記憶を失い幼馴染のなれこの事が大好き!という感情だけを覚えている主人公。
なれことの日々を過ごしながら町にある様々な場所を巡り、なれことの記憶を思い出して行きます。
果たして大好きななれことの記憶を完璧に思い出す事は出来るのか?
ハートフルでチャーミングで…でも、どこかペインフルな大好きを貫くストーリーでした。



『システム、演出』
ティラノ製。
コンフィグがありますが、既読スキップを選んでも未読もスキップしてしまいました。
未読部分で止まらずスキップが続くので、スキップはCtrlスキップを推奨。


『音楽』
通常のBGMも違和感ない素材を使われているのですが、特に盛り上がる時の音楽の使い方が上手かったです。
TRUEルート後半の色々と気持ちを掻き立てられる場面での音楽での盛り上がり方は本当に良く。
主人公の愛する気持ちもなれこのやるせない気持ちも一緒に伝わりながらグッと切ない気持ちが盛り上がりました。


『絵』
立ち絵、一枚絵、ともになれこのみ。
なれこしか絵で登場しない所に「絶対的」な部分を感じます。
なれこさえ居ればそれで良い、そんな世界で作品に合っていました。
モブがピクトグラムな所にもなれこ以外のどうでも良さを感じて笑いました。


『物語』
移動先で重要な移動先以外でも主人公が色々と面白い行動を見せてくれて、飽きがありませんでした。
本筋は重要箇所に行って記憶を取り戻していくストーリーですが、ラストの選択肢でエンディングが分岐します。
なれこと教室で黄昏れたり、なれこと海に行って青春したり、もう、とにかく、なれこ。
なれこを中心に語られるストーリーにブレが無く、大変良かったです。


『好みのポイント』
自分はヒロインに対して「好き」を隠さず貫き通しグイグイ行く主人公が好きなので、なれこに好き好きアピールしまくる主人公の描写にとてもニヤニヤしました。
真相を知ると「あぁ…」と思うポイントではありますが、主人公がなれこを好きな想いは本物だと、信じてます。





以下ネタバレ含めての感想です





最初はテンション高めのギャルゲーで始まり、中盤でなれこの事情をしりしんみりし、ラストのTRUEはSFで畳み掛ける。
3つのターニングポイントのキレが良く、ノンストップで読むことが出来ました。
序盤が主人公高いテンションやアホみたいなノリに笑い、中盤でなれこの家庭事情や過去のアイドル活動の事を知り切なくなっていたのですが、ですが…
TRUEで一気に覆されました、「しんみりした気持ちを返せ」とまでは言いませんが、「何もかもが作り物って…そんなぁ…」という辛さがあり。
所々でノイズが入る描写があるので、「死後の世界説」か「仮想世界説」を考えていましたが…後者でしたね。
一応予想は当たっていましたが、序盤で主人公が本当になれこの事が大好きな気持ちが地の文で伝わって来るので「貴方の気持ちも何もかもが作り物」という真実は胸が苦しくなりました。

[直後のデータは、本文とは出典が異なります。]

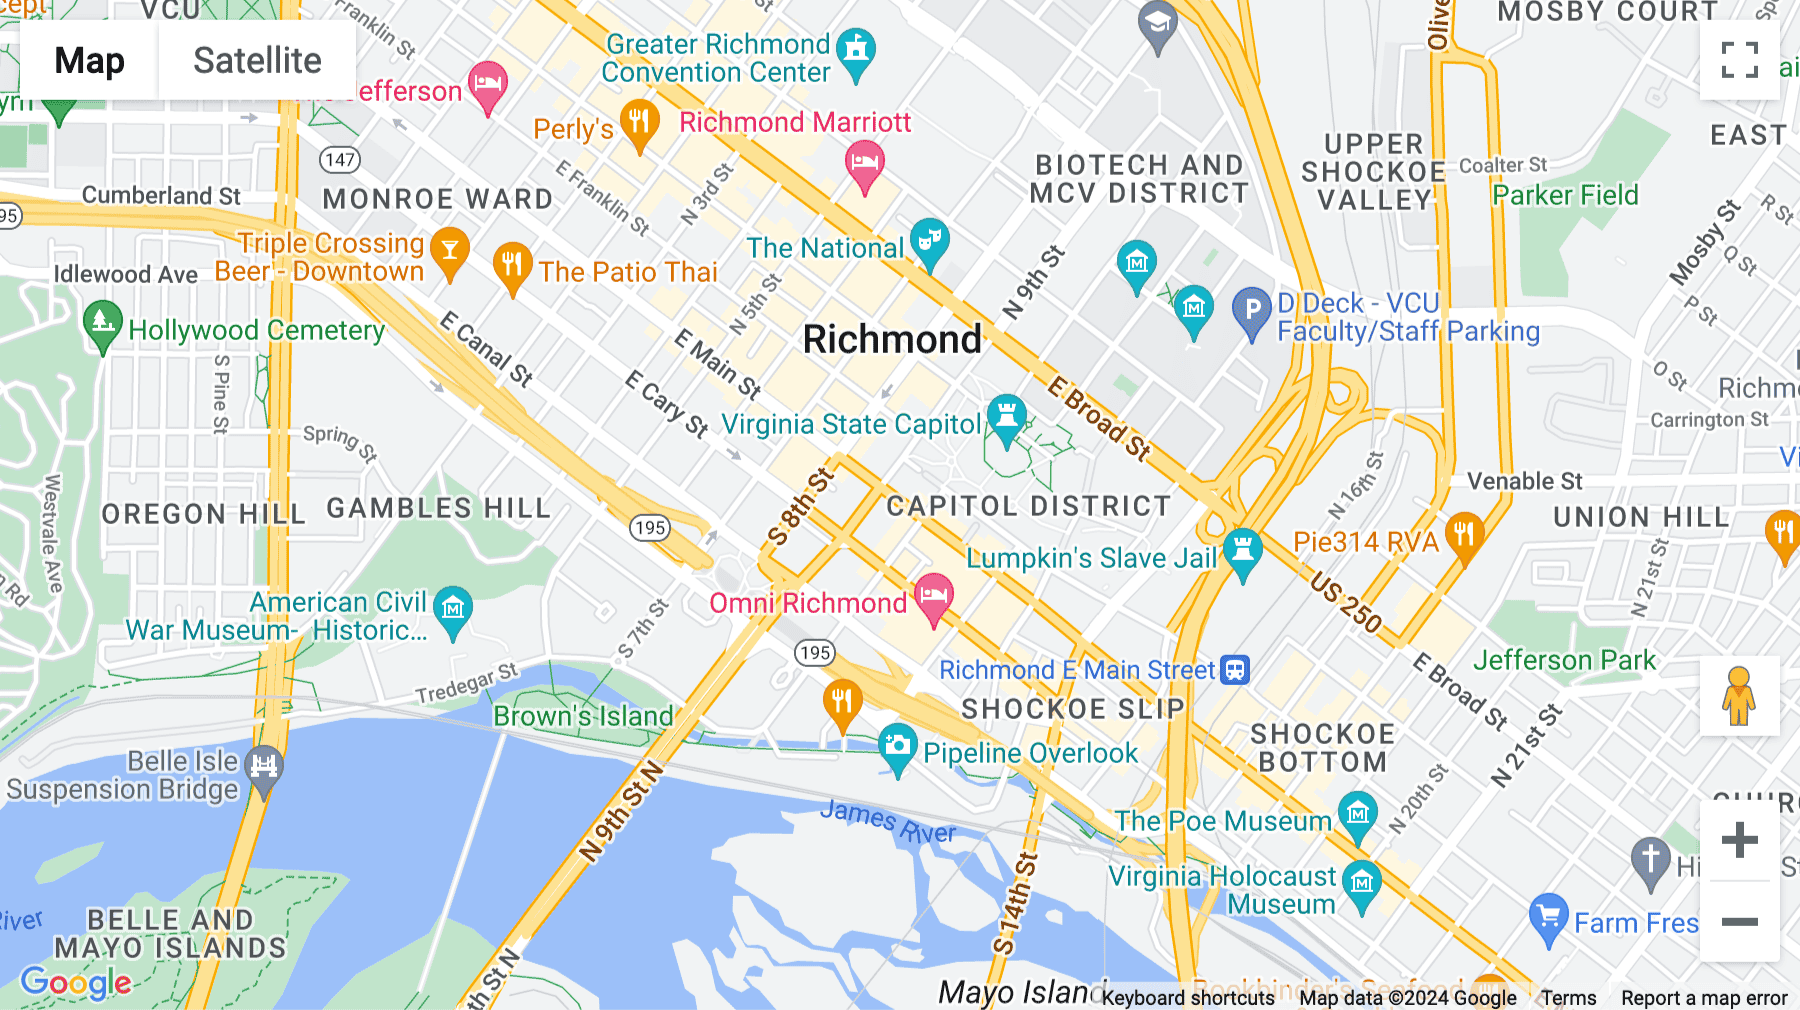 Click for interative map of 919 E. Main Street, Suite 1000, Richmond, Richmond

真実はなれこが幼馴染の少年と事故に合い、事故で幼馴染を失うのと同時に少年の記憶を全て失ってしまう。
その少年をなんとかAIででも作れないか?という仮想実験を行われていた世界での出来事というお話。
少年は確かに蘇らなかった、死んだ人間は生き返らない。
だから主人公はなれこの幼馴染の少年にはなれない。
でも、なれこを想う気持ちは例えプログラムされていても本物だと…思いたいです。
プログラムされた想いは本物なのか?
SFではよく上がる題材ですが、主人公の視点で主人公の想いで愛が語られているのなら、それは本物だと思います。
序盤のなれこを大好きだと思っていた地の文がとても良く、「なれこの事が大好きなんだなぁ」と伝わって来ていたからこそ、自分はAIのプログラムでも主人公の想いを信じたいです。
そして、その想いになれこもまた、失った少年の穴は満たせないけれど、別の心の部分が救われたと、そう信じたいです。


TRUEのSF的なエンディングも良かったですし、TRUEを見ると他のEDの意味に気付き、なるほどとなる構成も上手く。
テンション高く始まりながら、ラストはジワリと胸が暖かくなるように締める作りと話の流れや進み方が絶妙で、とてもサクサクと進める事が出来ました。
絶対的になれこを愛する、「ヒロイン好き好き主人公」が好みの自分に大変刺さった作品でした、有難うございます。